On or after August 4, 2050 (the date that is six months prior to the scheduled maturity date for the 2051 Notes), the Company may, at its option, redeem the 2051 Notes, in whole at any time or in part from time to time at a redemption price equal to 100% of the principal amount of the 2051 Notes to be redeemed, plus accrued and unpaid interest, if any, thereon to, but excluding, the redemption date, as described under the caption “Description of Notes—Optional Redemption” in the prospectus supplement.

Prior to August 4, 2060 (the date that is six months prior to the scheduled maturity date for the 2061 Notes), the Company may, at its option, redeem the 2061 Notes, in whole at any time or in part from time to time, at a redemption price equal to the greater of 100% of the principal amount of the 2061 Notes to be redeemed or a “make-whole” amount, plus in either case, accrued and unpaid interest, if any, thereon to, but excluding, the redemption date, as described under the caption “Description of Notes—Optional Redemption” in the prospectus supplement.

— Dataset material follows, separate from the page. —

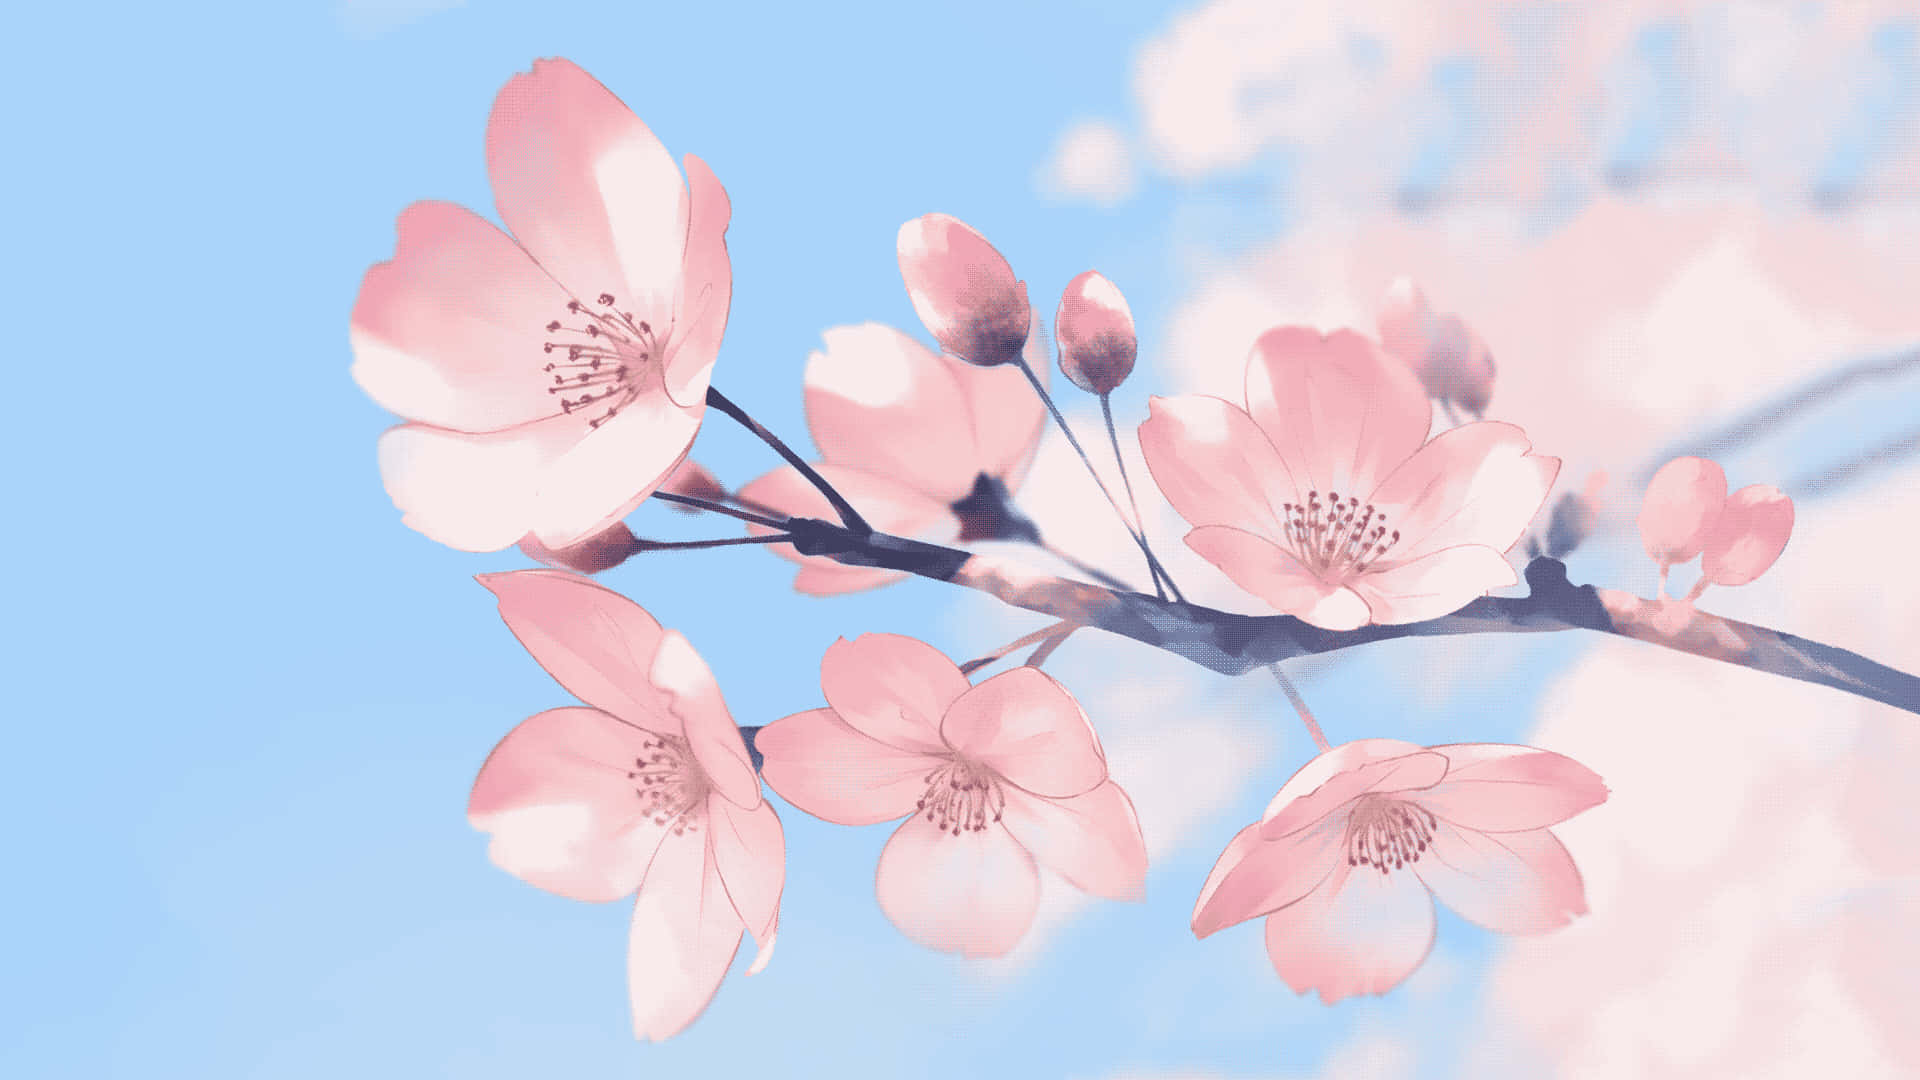 Unarama De Flores Rosas Con Un Cielo Azul Detrás De Ella Fondo de pantalla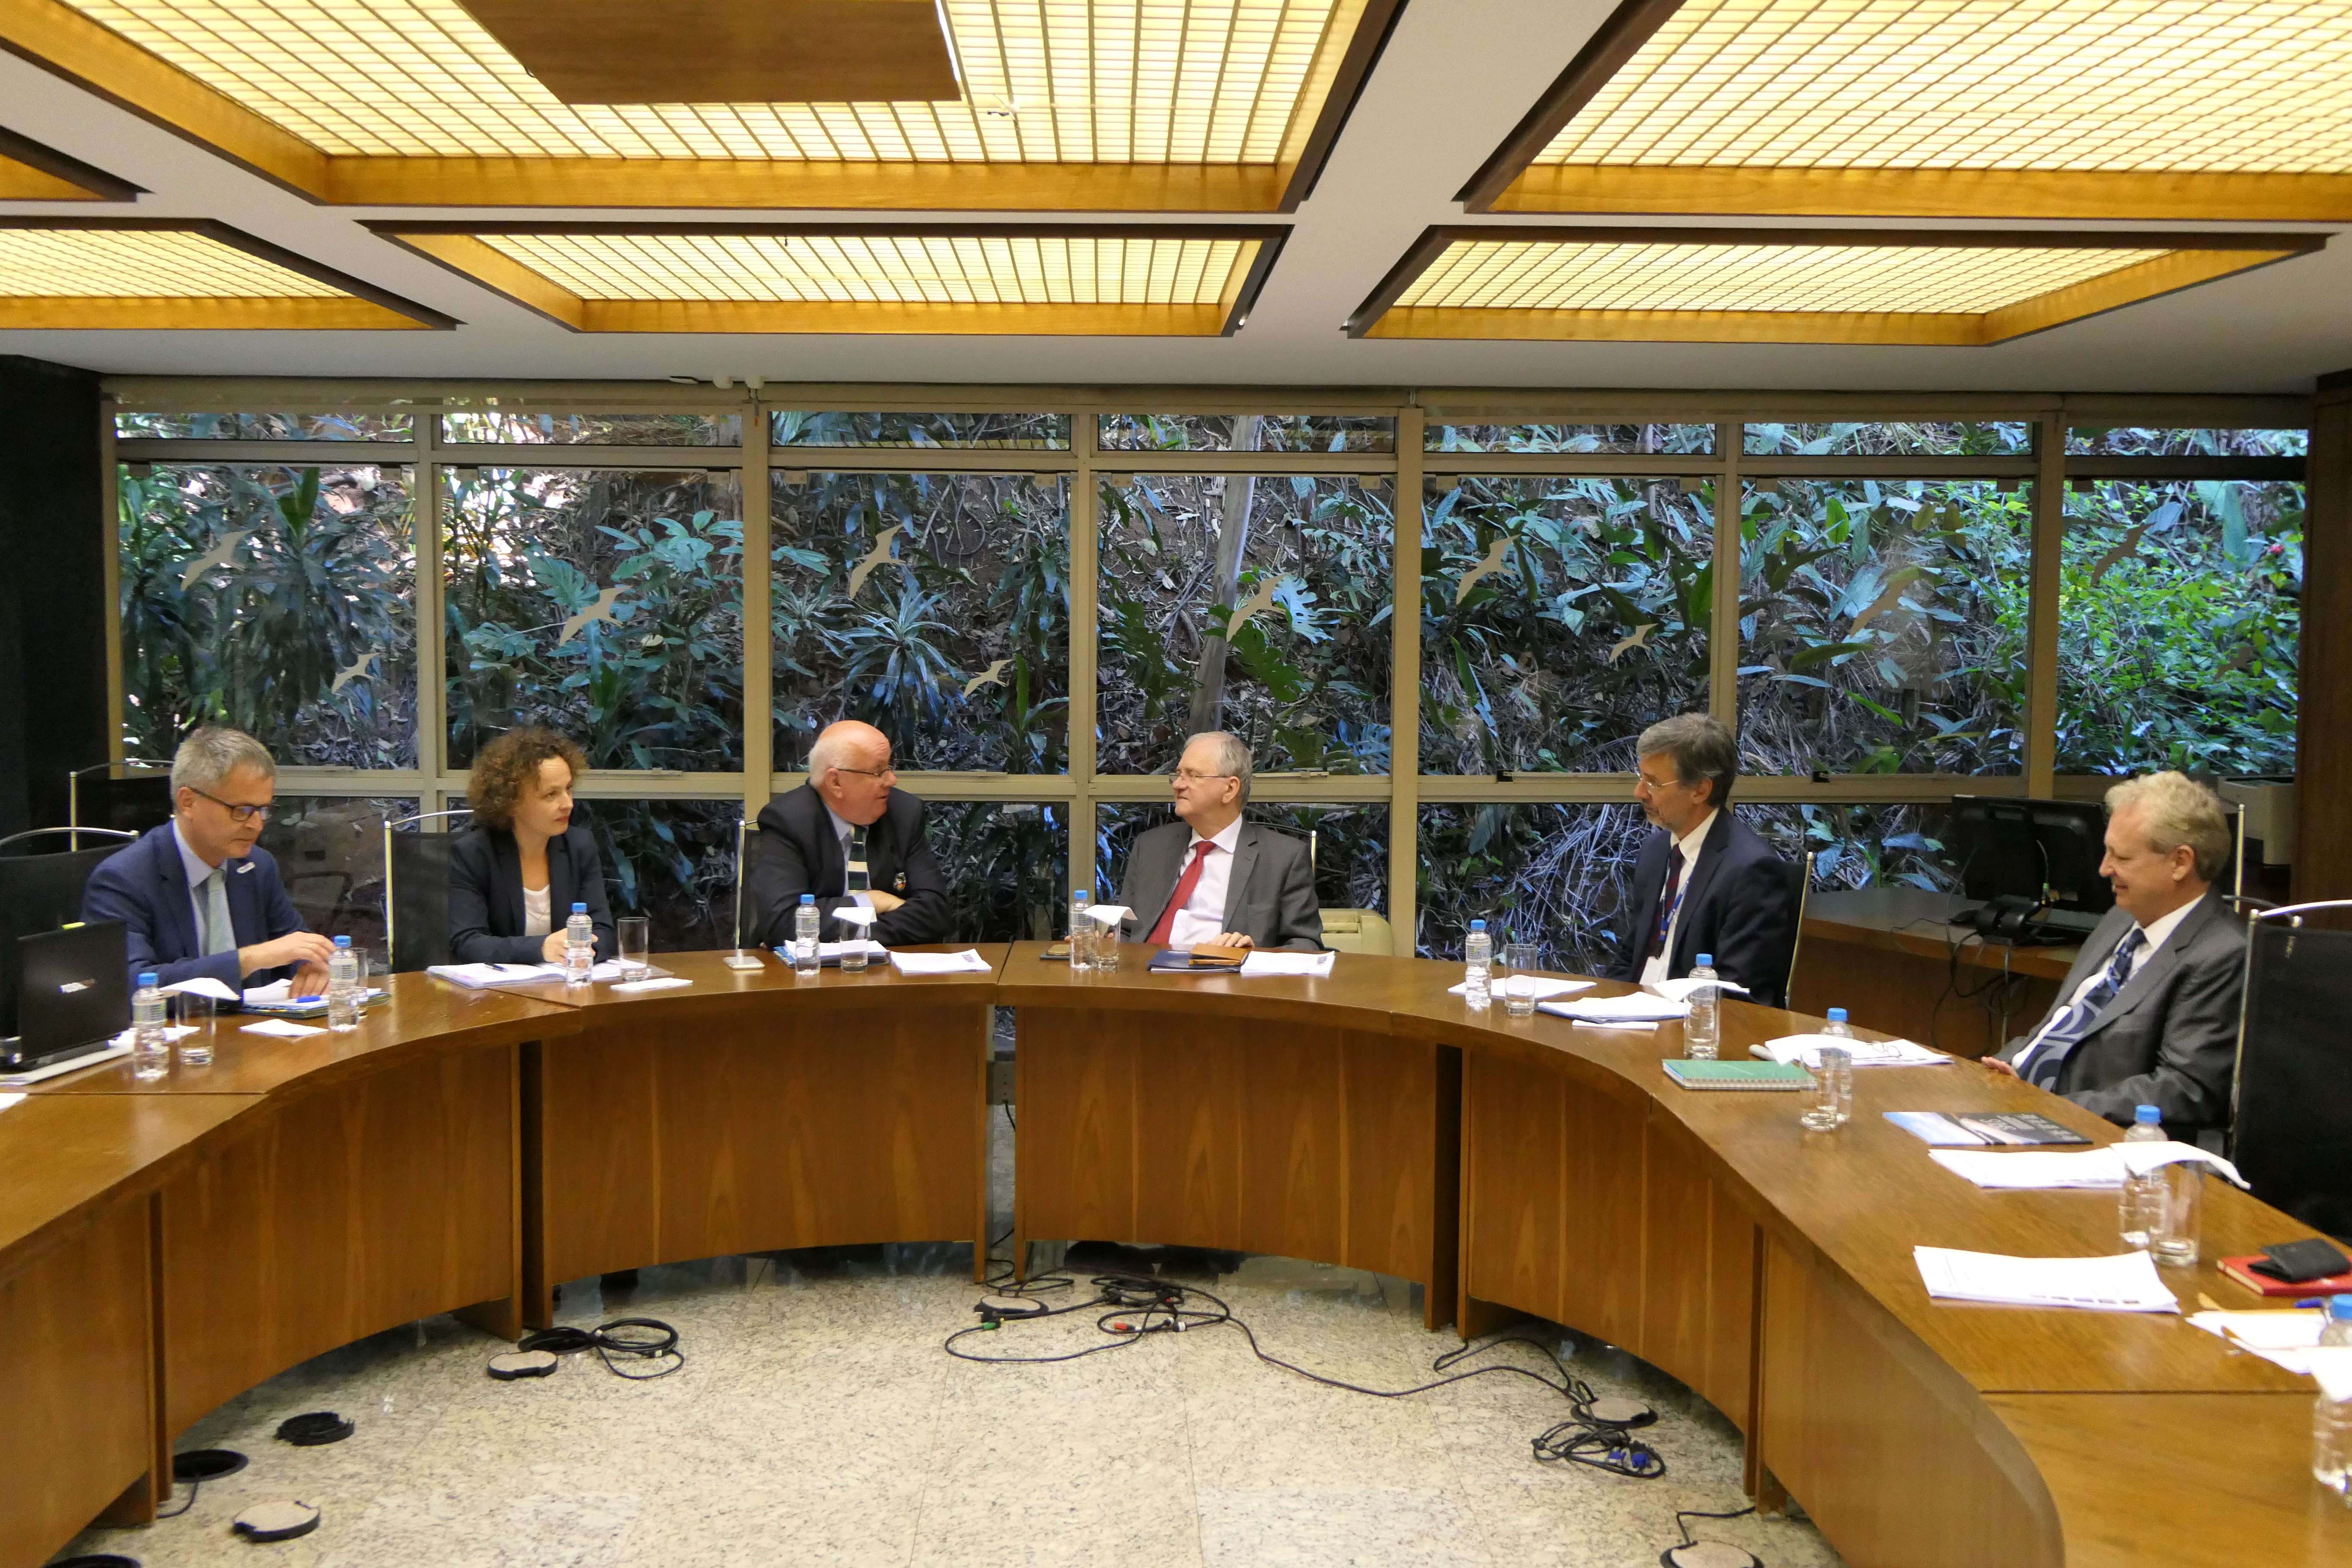 La DFG y la FAPESP se reúnen en São Paulo. En el medio, los presidentes Peter Strohscneider (DFG) y Marco Antônio Zago (FAPESP). A la izquierda, Dietrich Halm y Kathrin Winkler (DFG). A la derecha, Carlos Henrique de Brito Cruz y Euclides de Mesquita

On or after August 4, 2060 (the date that is six months prior to the scheduled maturity date for the 2061 Notes), the Company may, at its option, redeem the 2061 Notes, in whole at any time or in part from time to time at a redemption price equal to 100% of the principal amount of the 2061 Notes to be redeemed, plus accrued and unpaid interest, if any, thereon to, but excluding, the redemption date, as described under the caption “Description of Notes—Optional Redemption” in the prospectus supplement.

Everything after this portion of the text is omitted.